In fact the domain of the function as defined in the question does include not only $-1$, but the reciprocals of all negative integers (e.g. you can define $(-1/2)^{-2}$); depending on how you define exponentiation you can even include (the dense set of) all negative rational numbers whose lowest-term representations have an odd numerator. However, the function is discontinuous at negative arguments, so mathematicians tend to limit their analysis to positive ones, possibly also zero if they use a limiting value.

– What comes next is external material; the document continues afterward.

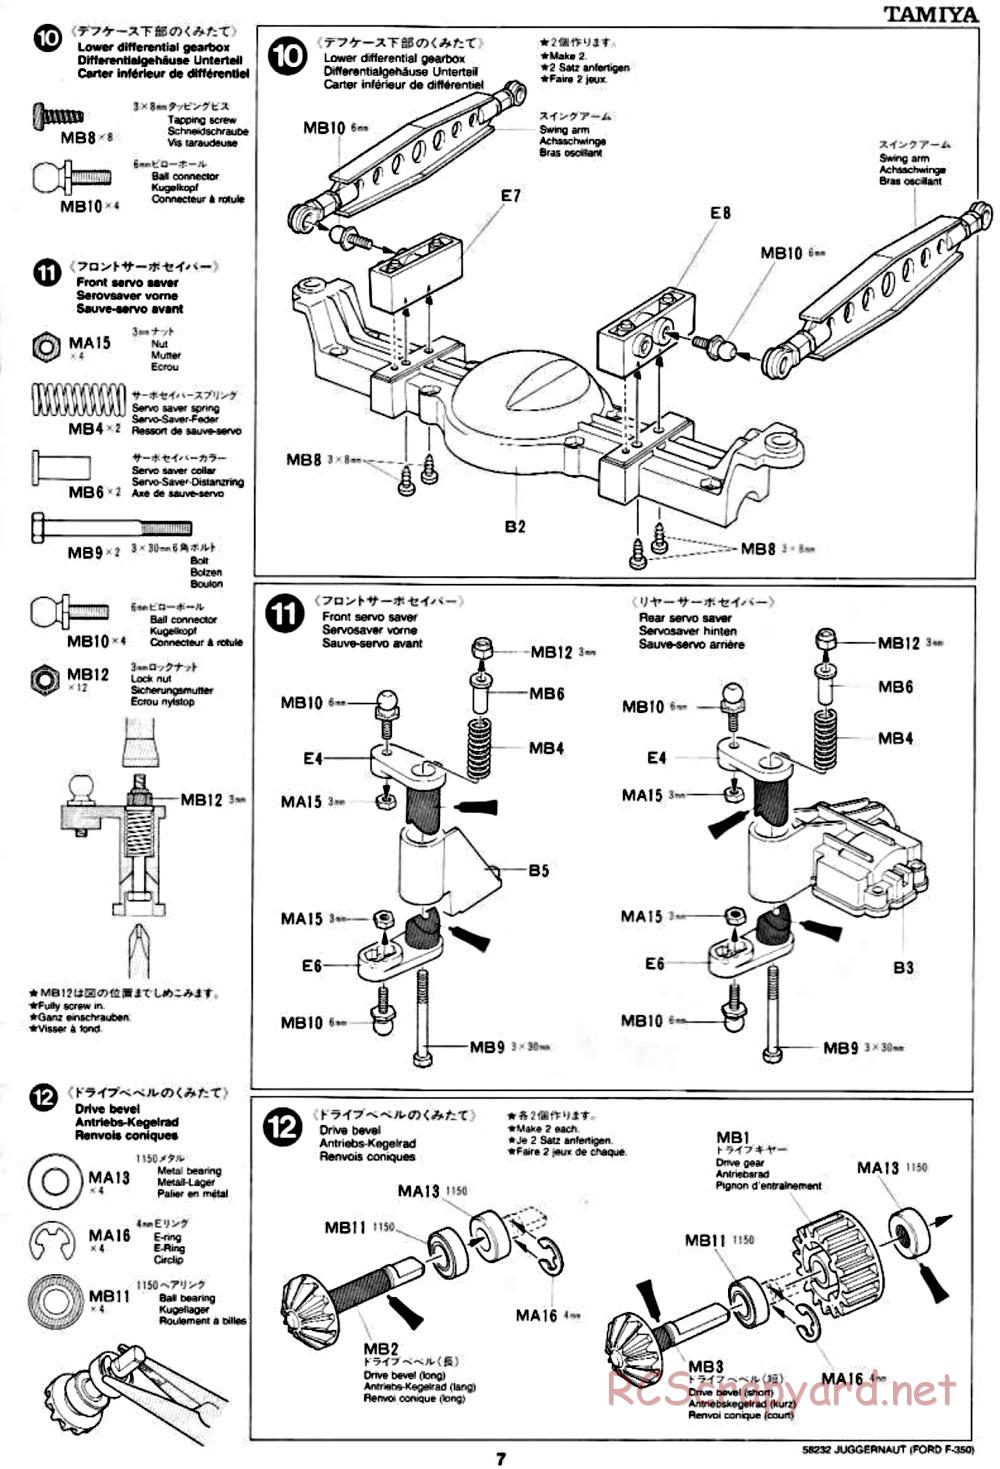 Tamiya - Juggernaut Chassis - Manual - Page 7

This is correct. There is nothing wrong with defining it at $-1$, but you can't do calculus/analysis stuff with it "over there." — Randall, Jul 06 '21 at 16:11

Zuy · Answer 2 · 2021-07-06T16:03:52.327

1

Generally, in calculus, you consider expressions of the form $$f(x)^{g(x)}$$ as an abbreviation for $$\mathrm e^{g(x)\ln f(x)},$$ which is only defined when $f(x)>0$. (Do you see why both expressions are equal in that case?)

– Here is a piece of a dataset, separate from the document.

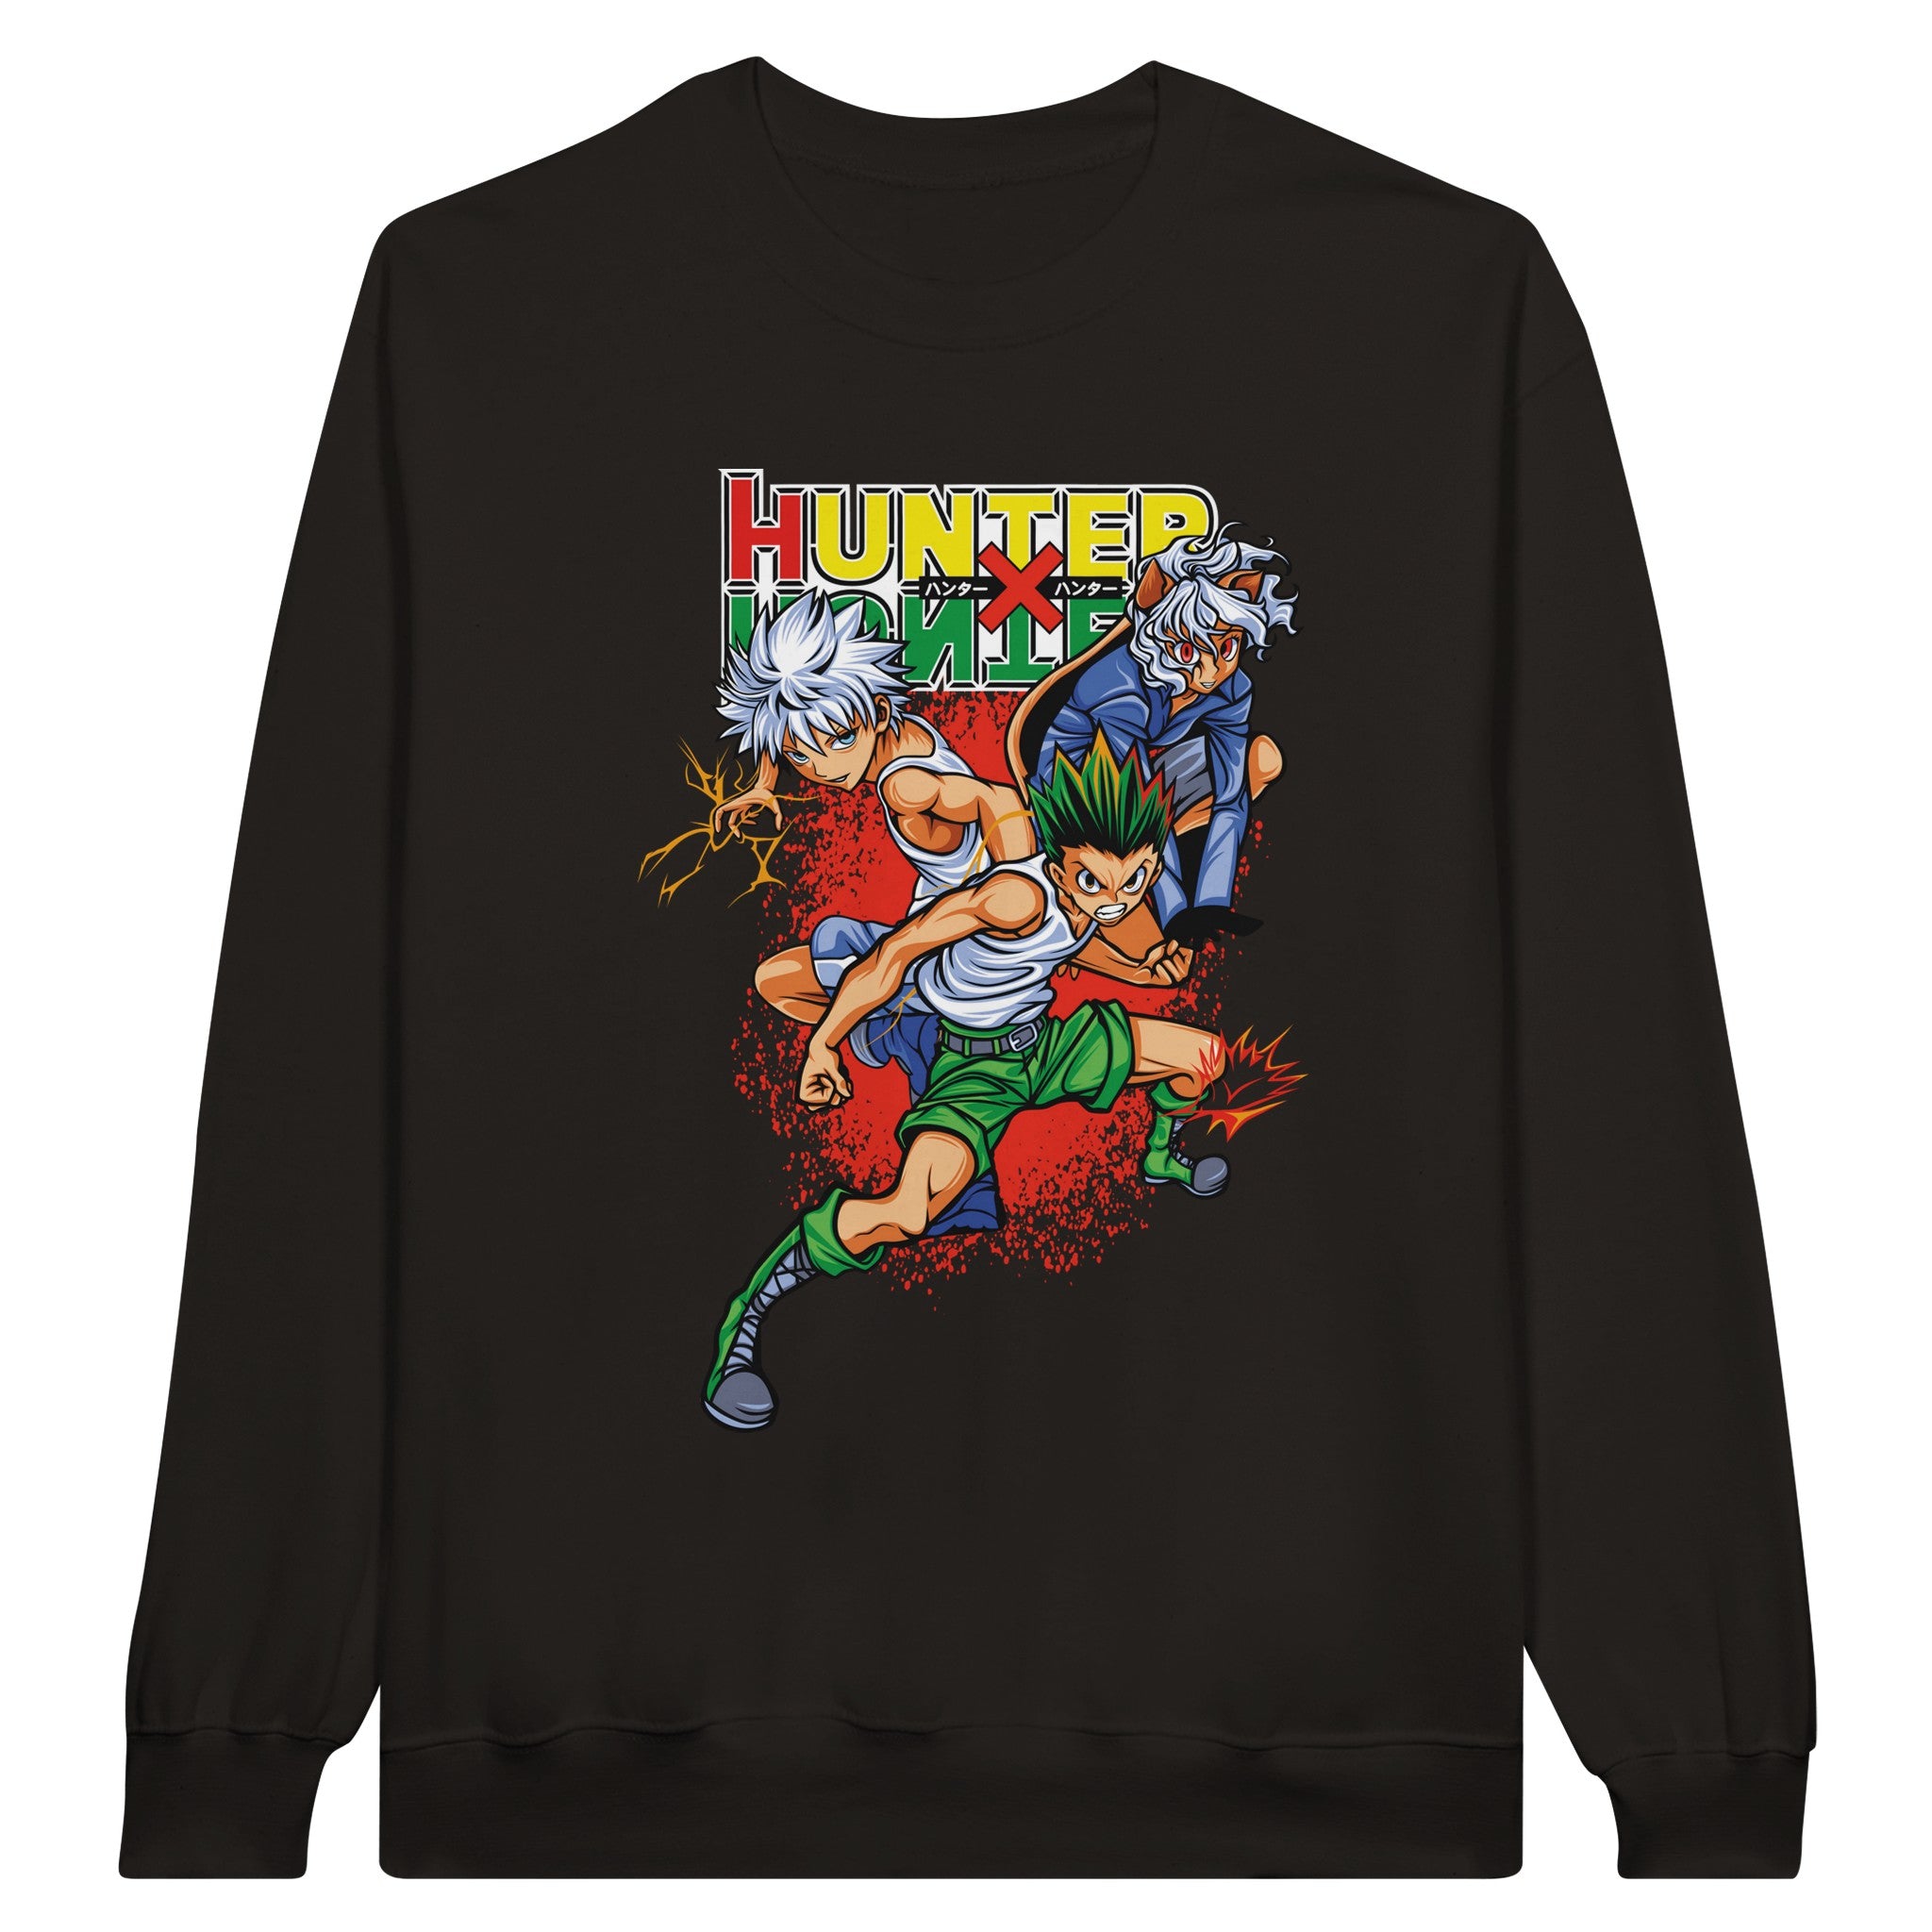 shop and buy hunter x hunter anime clothing gon and killua sweatshirt/longsleeve/jumper

You are correct to say that this does not tell the whole truth, but the missing cases are generally not interesting from the point of view of calculus.

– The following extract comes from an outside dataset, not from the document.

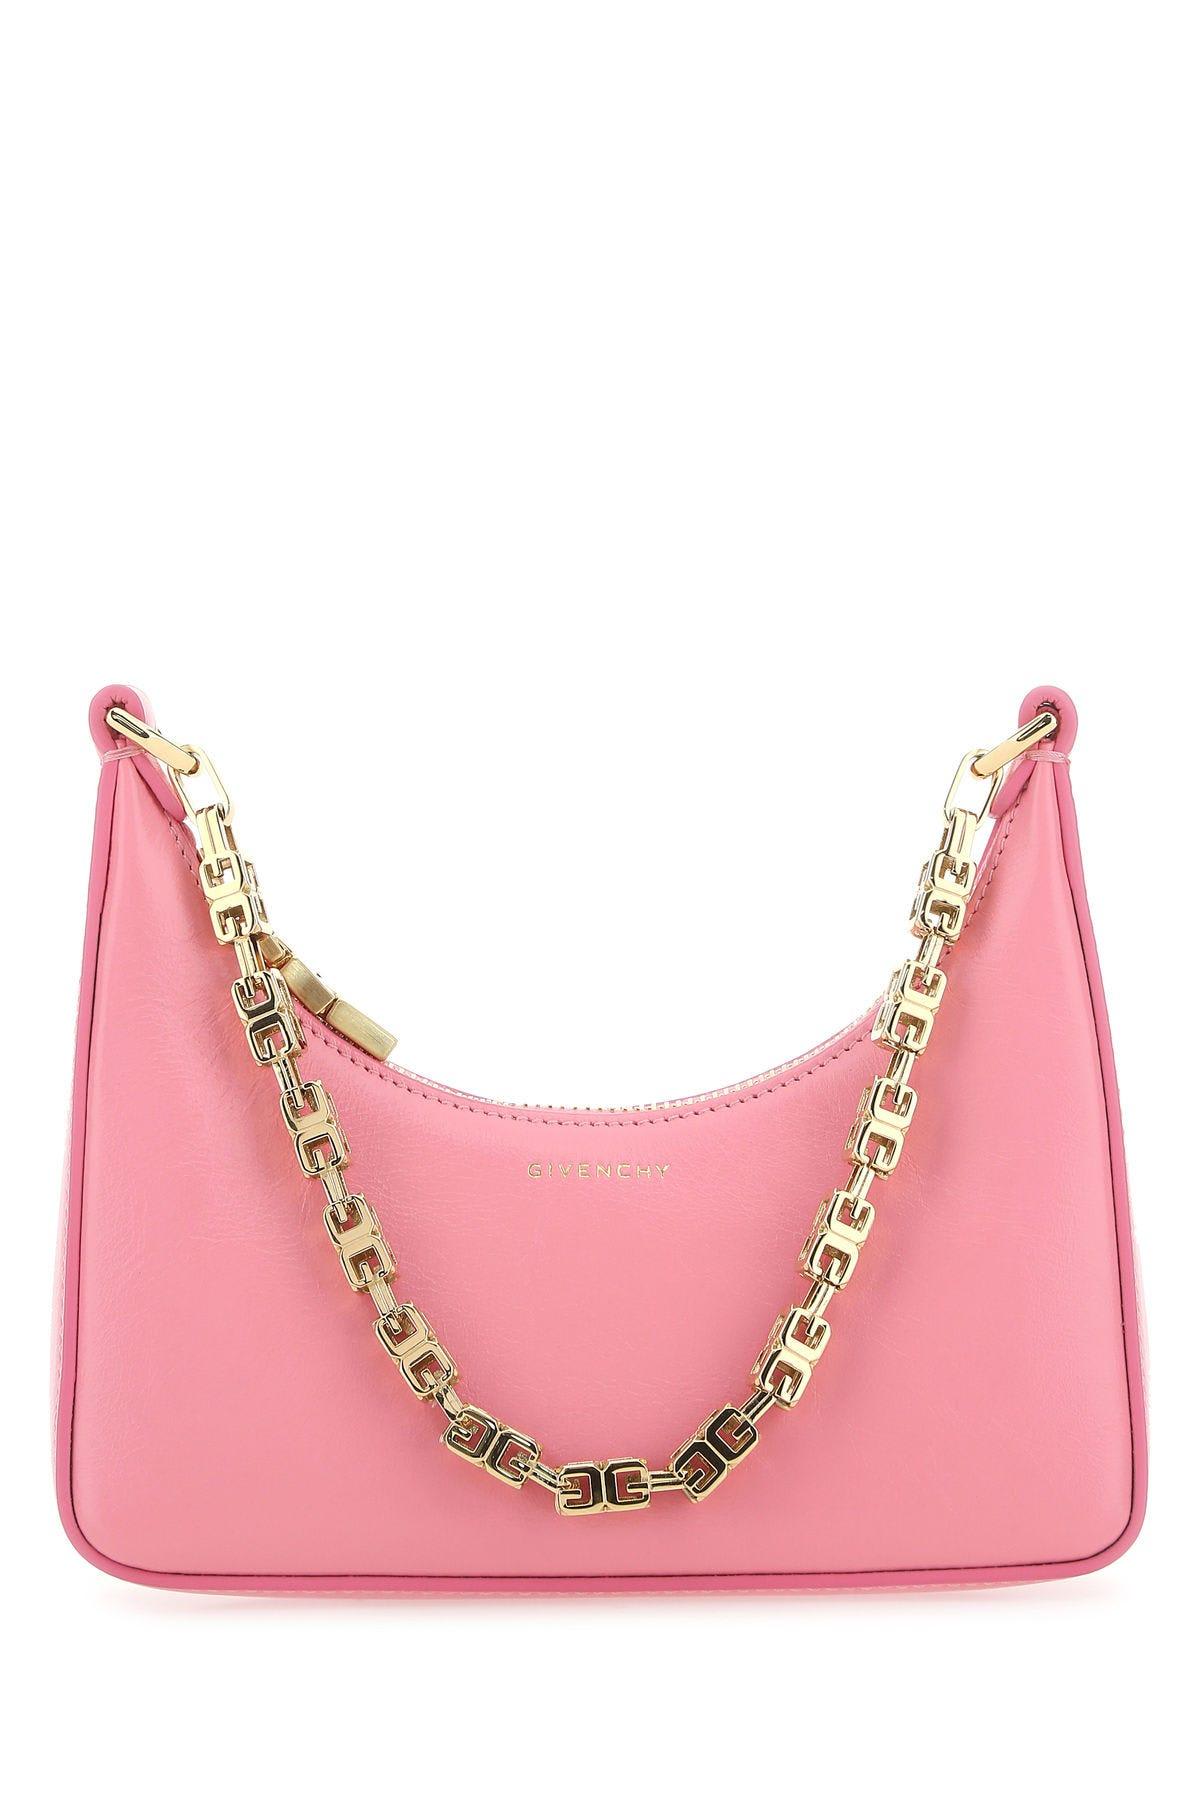 Givenchy Pink Leather Mini Moon Cut Handbag

edited Jul 06 '21 at 16:03

answered Jul 06 '21 at 15:56

Zuy

4,656

How do you reconcile this with $h(x)=x^3$? Do you really think of this as $h(x)=e^{3\ln x}$ so that $h$ is not definited for $x=1/2$? – Randall Jul 06 '21 at 16:01
@Randall Good point. I'd say that one shall use my suggested rewriting only in cases where $g(x)$ is non-constant. – Zuy Jul 06 '21 at 16:08

Joe · Answer 3 · 2022-08-26T16:20:26.713

A few things:

The notation "$f:X\to Y$" means that the domain of $f$ is $X$ and its codomain is $Y$. So it does not make sense to say "the domain of the function $f:\Bbb{R}\mapsto\Bbb{R}$ given by $f(x)=x^{1/x}$ is $x>0$".
Formally, a function is set of input-out pairs, and to specify that set, you have to state the domain. In practice, mathematicians are a little sloppy, and the domain is often assumed to be the set of real numbers that make sense when you plug them into a formula, unless otherwise specified. This set is sometimes called the "natural domain" of $f$.
With the above in mind, we can try to find the "natural domain" of $f(x)=x^{1/x}$. For $x>0$, the definition of $x^y$ is typically $\exp(y\log x)$. This definition works makes sense for irrational exponents as well as rational ones. However, if $x$ is negative, then there are instances where $x^{1/x}$ according to the "schoolbook" definition of exponentiation (e.g. when $x=-1$ as you have mentioned in your question).
Nevertheless, the set of negative $x$ for which $x^{1/x}$ makes sense is only countable, meaning that negative exponents are extremely ugly to work with in analysis. Because of this, some authors try to avoid this mess entirely by only defining $x^y$ for $x>0$. (This is particularly common if the exponent is variable rather than constant.) The only time where negative bases ever come up is when dealing with polynomials such as $x^2$, and perhaps with odd power roots as well.
The moral of the story is that the author about how exactly $f$ is being defined: right now it is not clear.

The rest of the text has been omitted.